Curriculum training with progressive learning goals is used to help the agent learn specific actions, and to allow it to discover the importance of the order of operations in a multi-step operation. Note that curriculum training doesn’t teach the agent how to do a task, it just puts the agent in a situation to learn something it needs to know. Its up to the agent to learn how it all goes together.

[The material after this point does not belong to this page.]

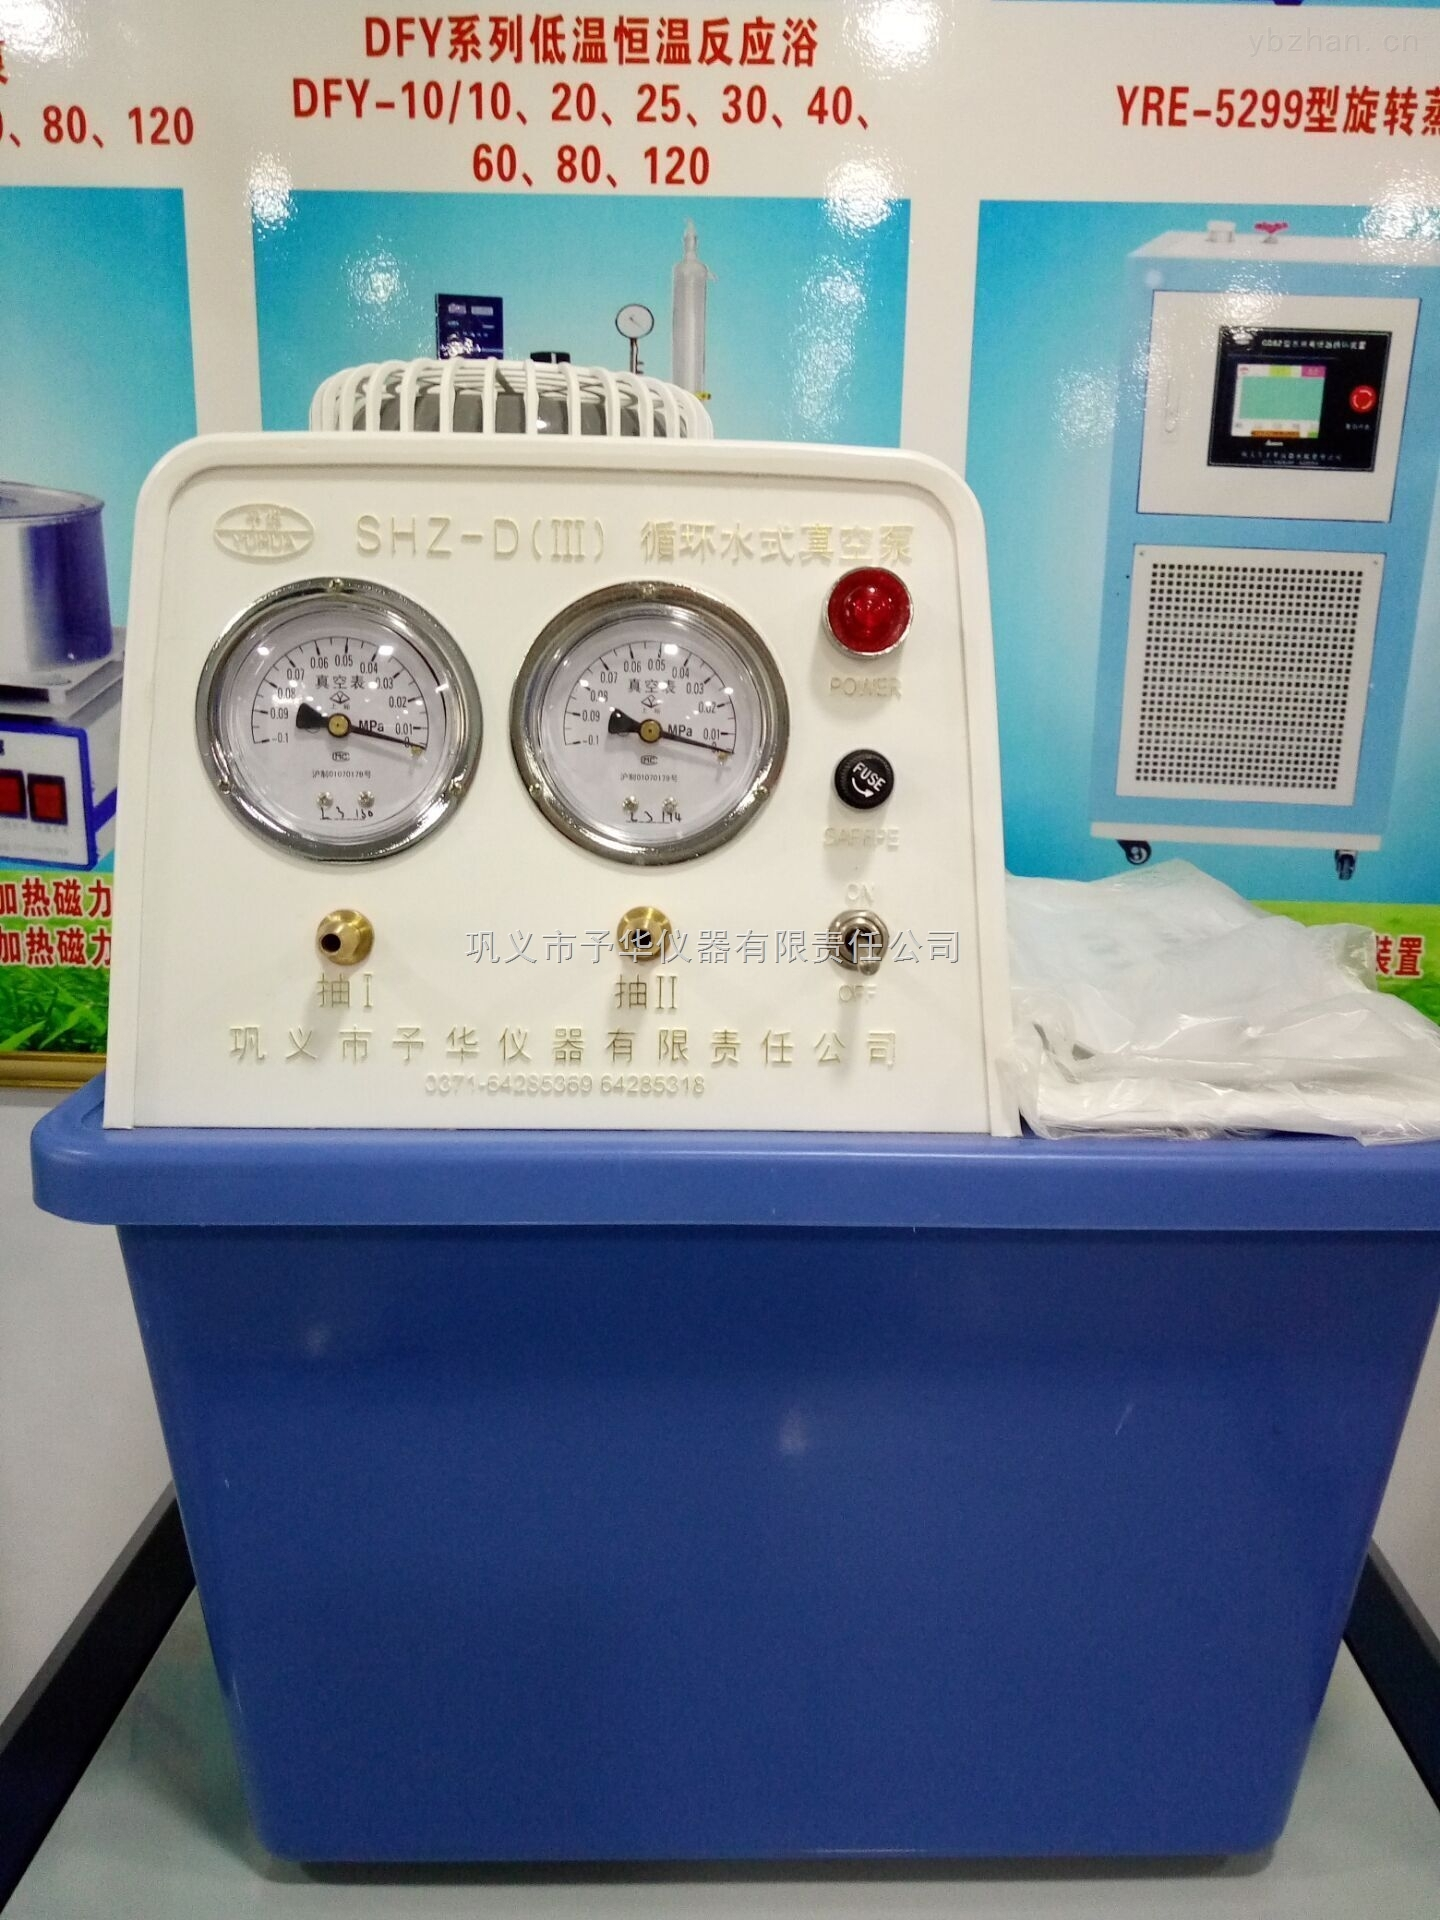 SHZ-D(Ⅲ)-臺式循環水多用真空泵予華儀器熱銷產品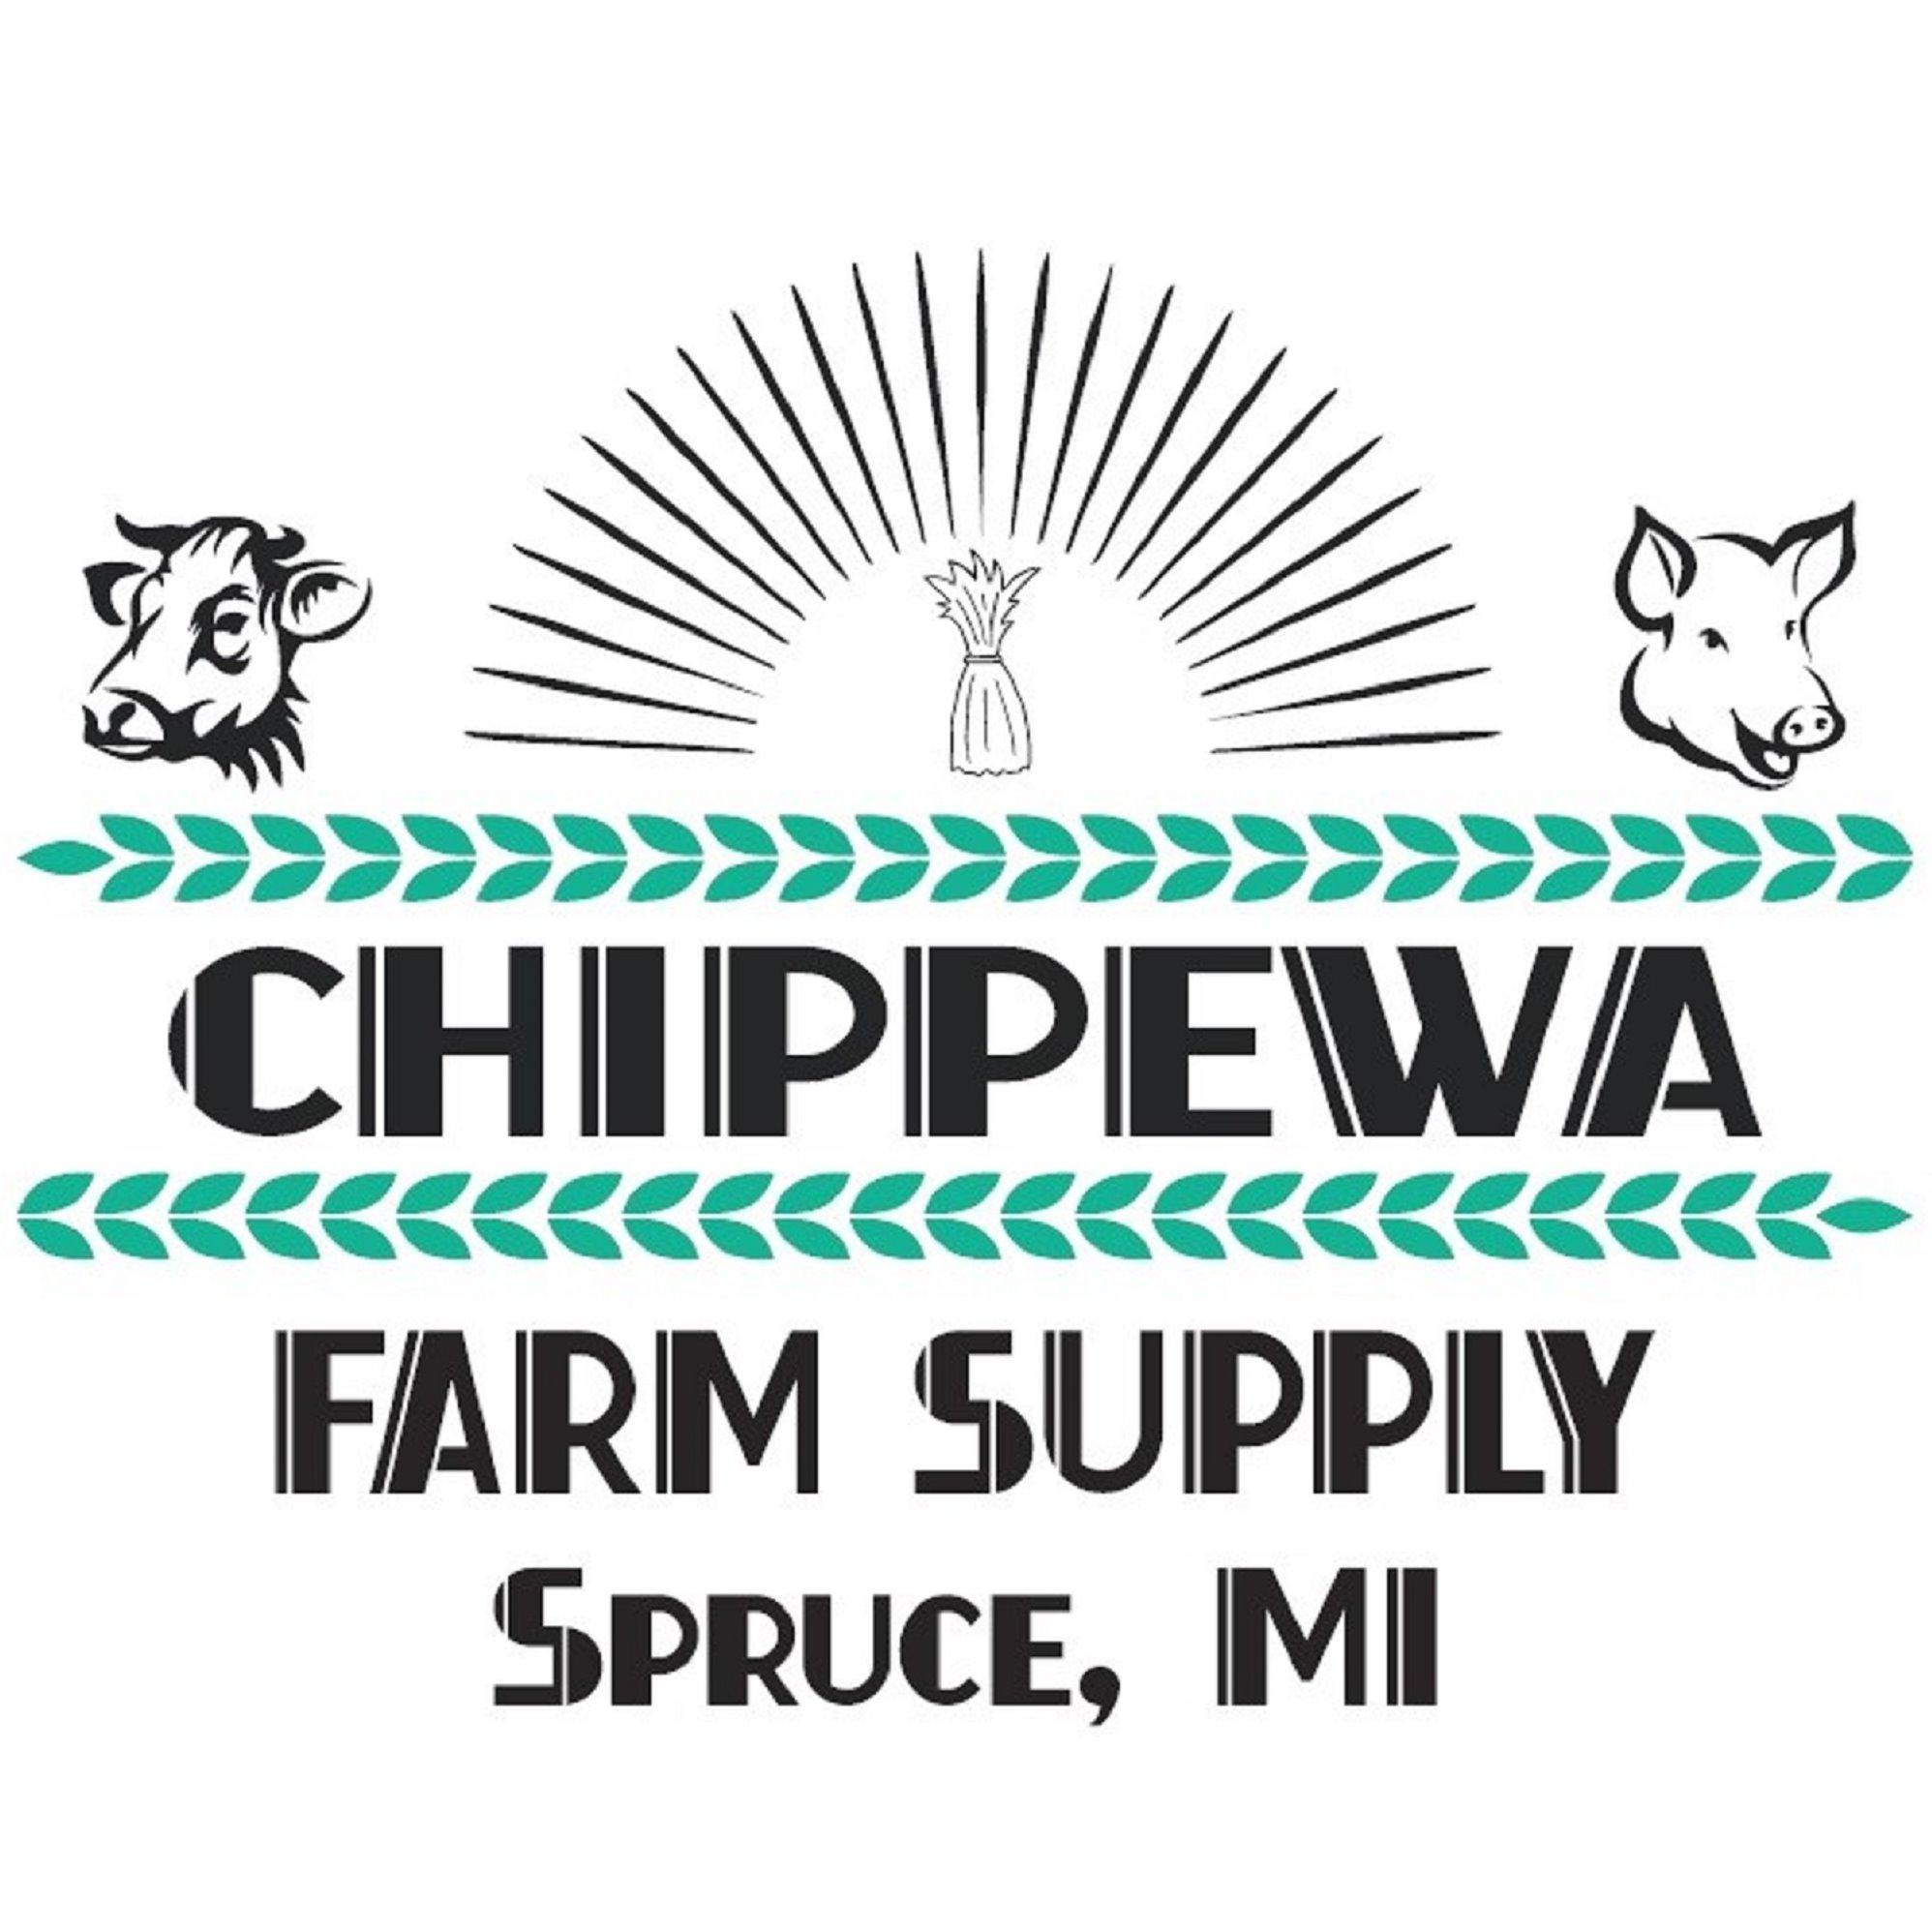 Chippewa Farm Supply, LLC image 2

After being trained on how to use the charger, this agent demonstrates (in the video below) the ability charge its batter when needed. To do this, the agent must:
Find a charger,
Connect to the charger via the dataport
Push the ‘Charge’ button using the dataport until the battery is charged
Disconnect from the charger dataport when complete
The AI can navigate around a cluttered room using fwd/cw/ccw movements to a series of waypoints in level0-6.csv, but it cannot intentionally navigate around large obstacles. OpenAI games CartPole_v0, MountainCar_v0, and LunarLander_v2 are implemented as world objects and the agent can navigate to and play these games, with varied success. The agent has been observed to make perfect landings in LunarLander_v2, and has scored above the threshold on the other games within a few tries (less than 4 generally), however consistency is lacking after initial successes.
The AI was given 4 waypoint goals (state = ‘GPS’) in Level 0-0, and it was able to learn how to navigate rapidly (within about 10 steps), and then navigated to each of the 4 goal locations using a simple difference planning engine, which was kind of a hack but was added to the AI for the purpose of demonstrating that the CE/CM works.
The AI was designed to play OpenAI Cartpole-v0. It was not consistent however – usually performing moderately well, on occasion performing very well. Sometimes it performed terribly. Typically though it was able to reach an average of 195 steps in a 500-run test.
Version v0.1 was a move from C# in the Unity3D environment to python, since much of the AI community uses python, it seemed a good shift. The agent was based on a very simplified rlpAI architecture with a scikit-learn MLP Classifier as the centerpiece.
The agent trained the classifier (state input, action output) with some of the results of prior episodes. In the best test, the agent reached 200 steps in less than the first 10 episodes, then hit 200 steps on every episode after that for 500 episodes (bottom right chart).
Vertical axis: Number of steps completed in the Cartpole-V0 game. Horizontal axis: Episode number.